Data extract below:
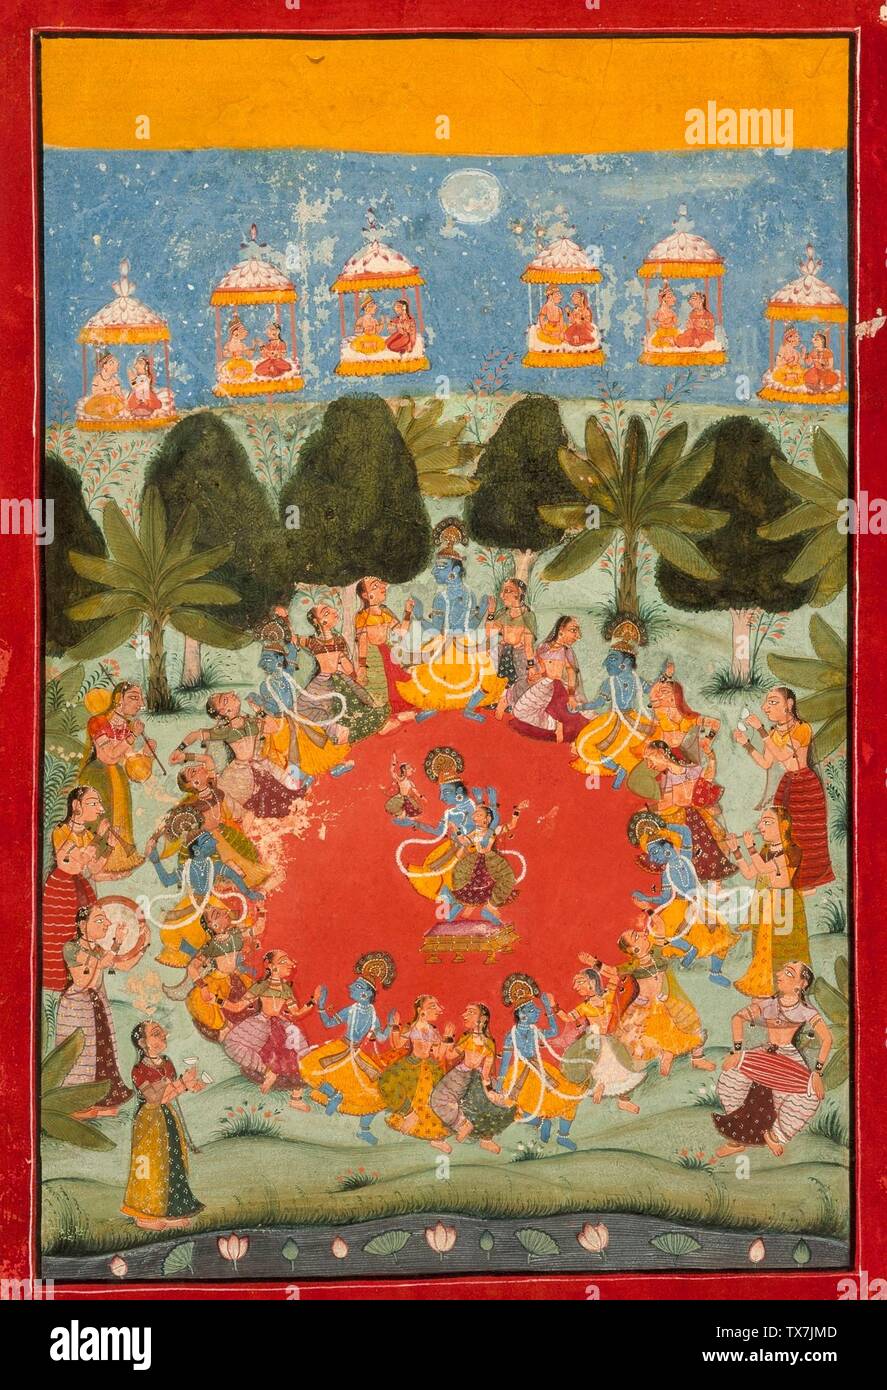 Krishnas Tanz der Freude (Rasa Lila); Indien, Rajasthan, Bundi, ca. 1675-1700 Zeichnungen; Aquarelle Opakes Aquarell und Gold auf Papier Bild: 11 7/8 x 8 1/2 Zoll. (30,16 x 21,59 cm); Blatt: 14 3/8 x 9 3/4 Zoll (36,51 x 24,76 cm) Museumserwerb (M.75.66) Süd- und südostasiatische Kunst; zwischen ca. 1675 und ca. 1700 Datum QS:P571,+1500-00-00T00:00:00Z/6,P1319,+1675-00-00T00:00:00Z/9,P1326,+1700-00-2700; Stockfoto
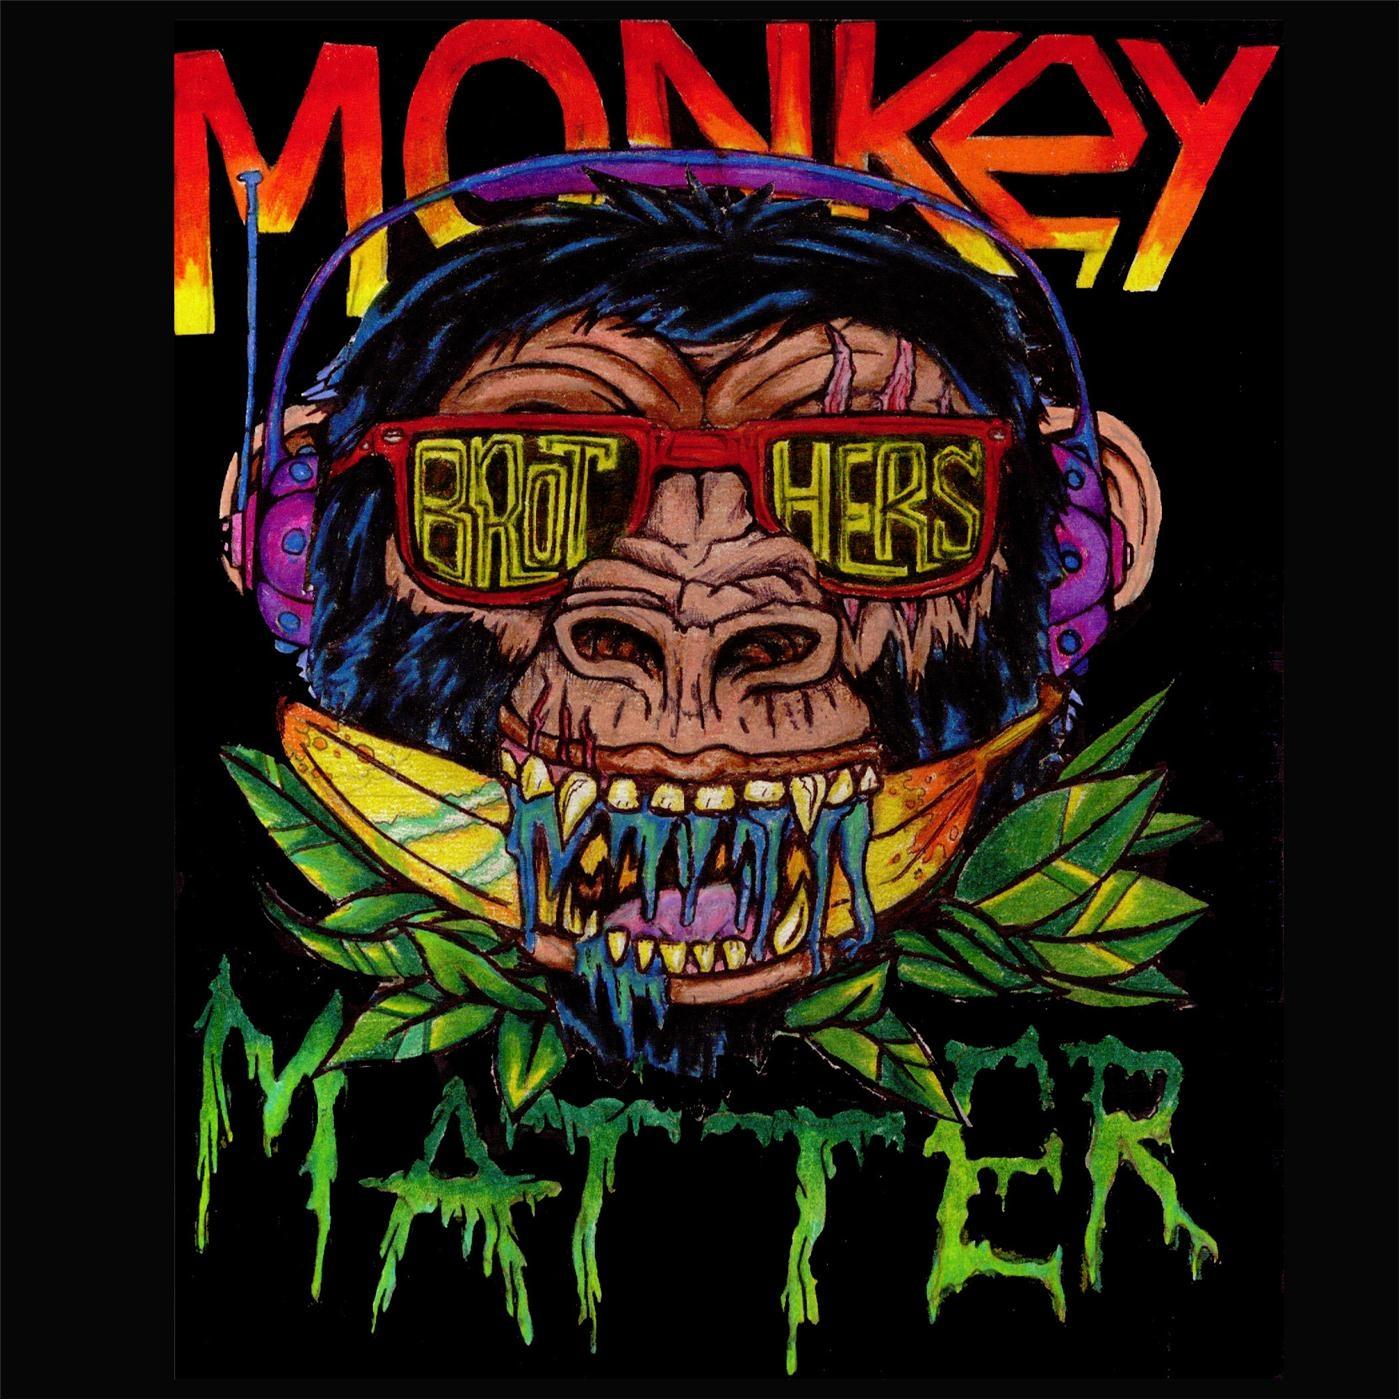 Monkey Matter
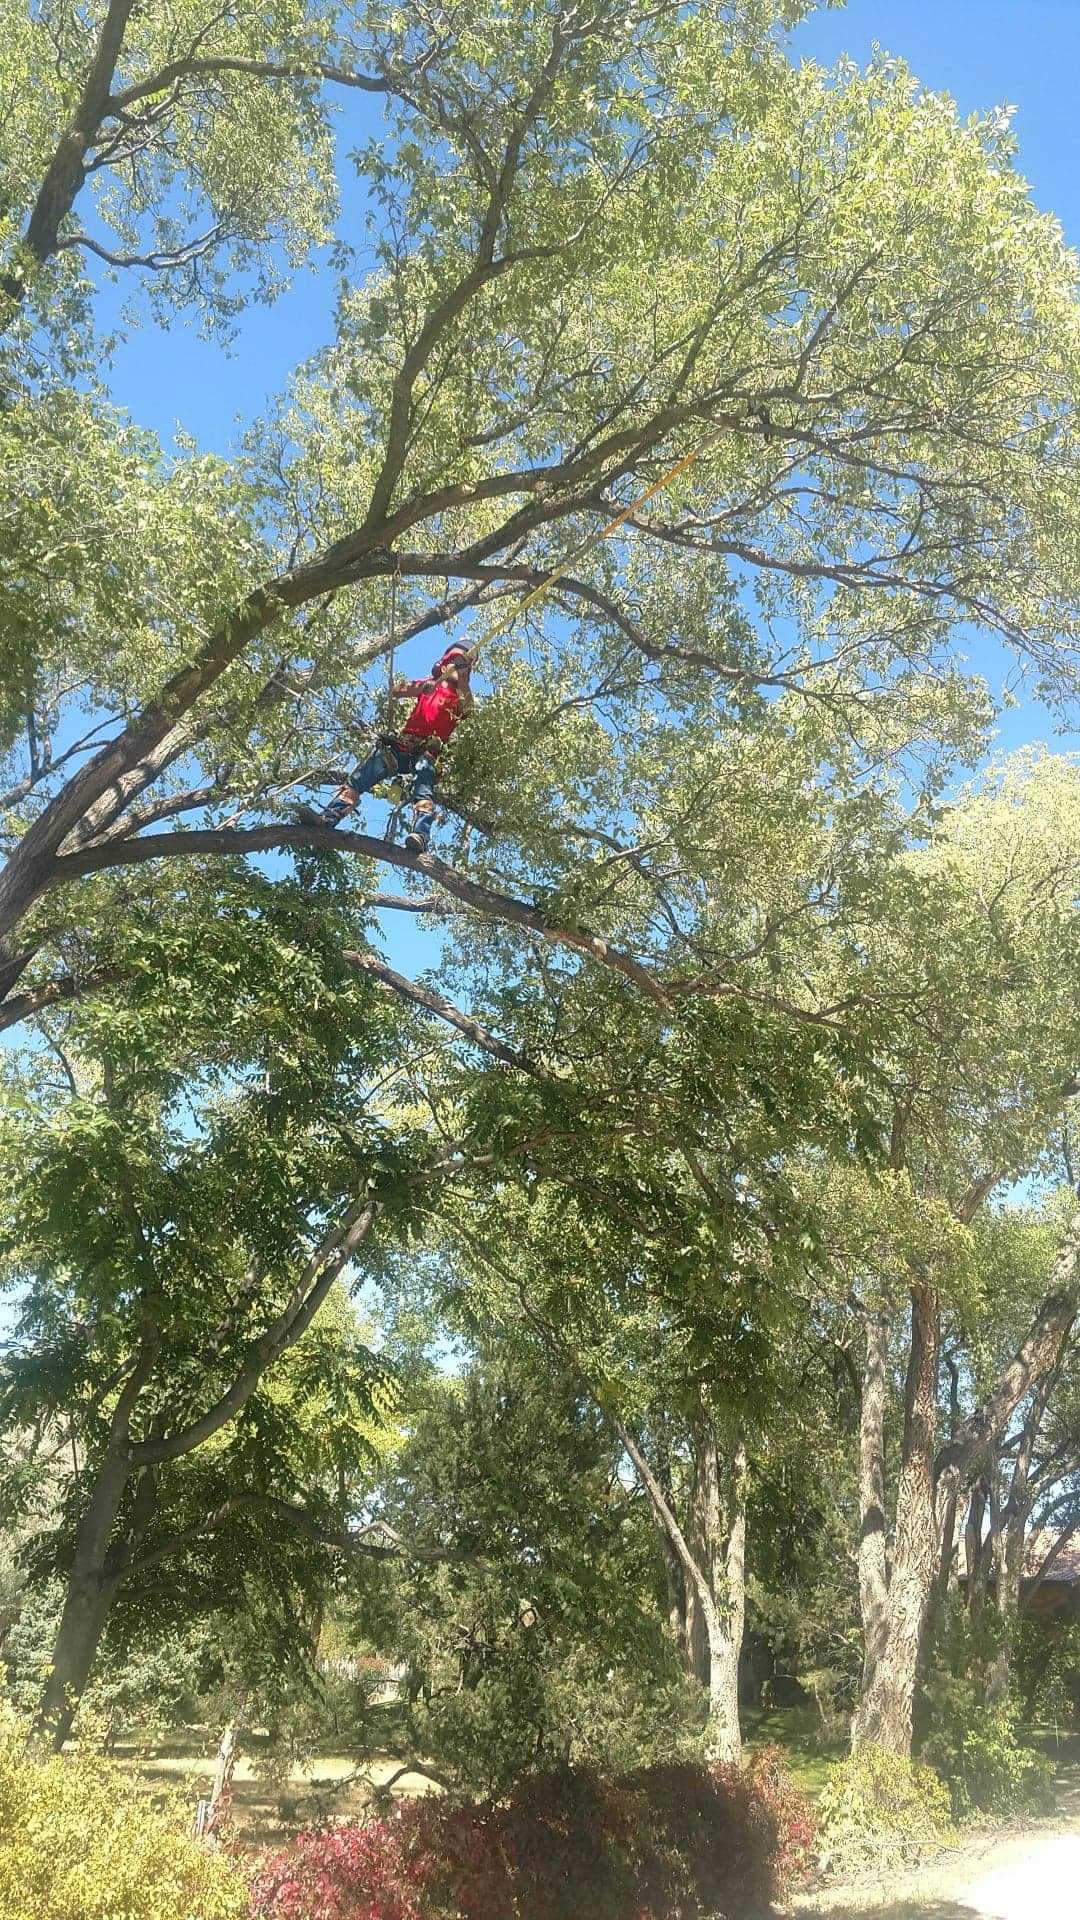 Man In Tree
End of Data extract.
Transcribe the whole listing exactly as it stands, apart from the pictures.

 Krishnas Tanz der Freude (Rasa Lila); Indien, Rajasthan, Bundi, ca. 1675-1700 Zeichnungen; Aquarelle Opakes Aquarell und Gold auf Papier Bild: 11 7/8 x 8 1/2 Zoll. (30,16 x 21,59 cm); Blatt: 14 3/8 x 9 3/4 Zoll (36,51 x 24,76 cm) Museumserwerb (M.75.66) Süd- und südostasiatische Kunst; zwischen ca. 1675 und ca. 1700 Datum QS:P571,+1500-00-00T00:00:00Z/6,P1319,+1675-00-00T00:00:00Z/9,P1326,+1700-00-2700; Stockfoto
 Monkey Matter
 Man In Tree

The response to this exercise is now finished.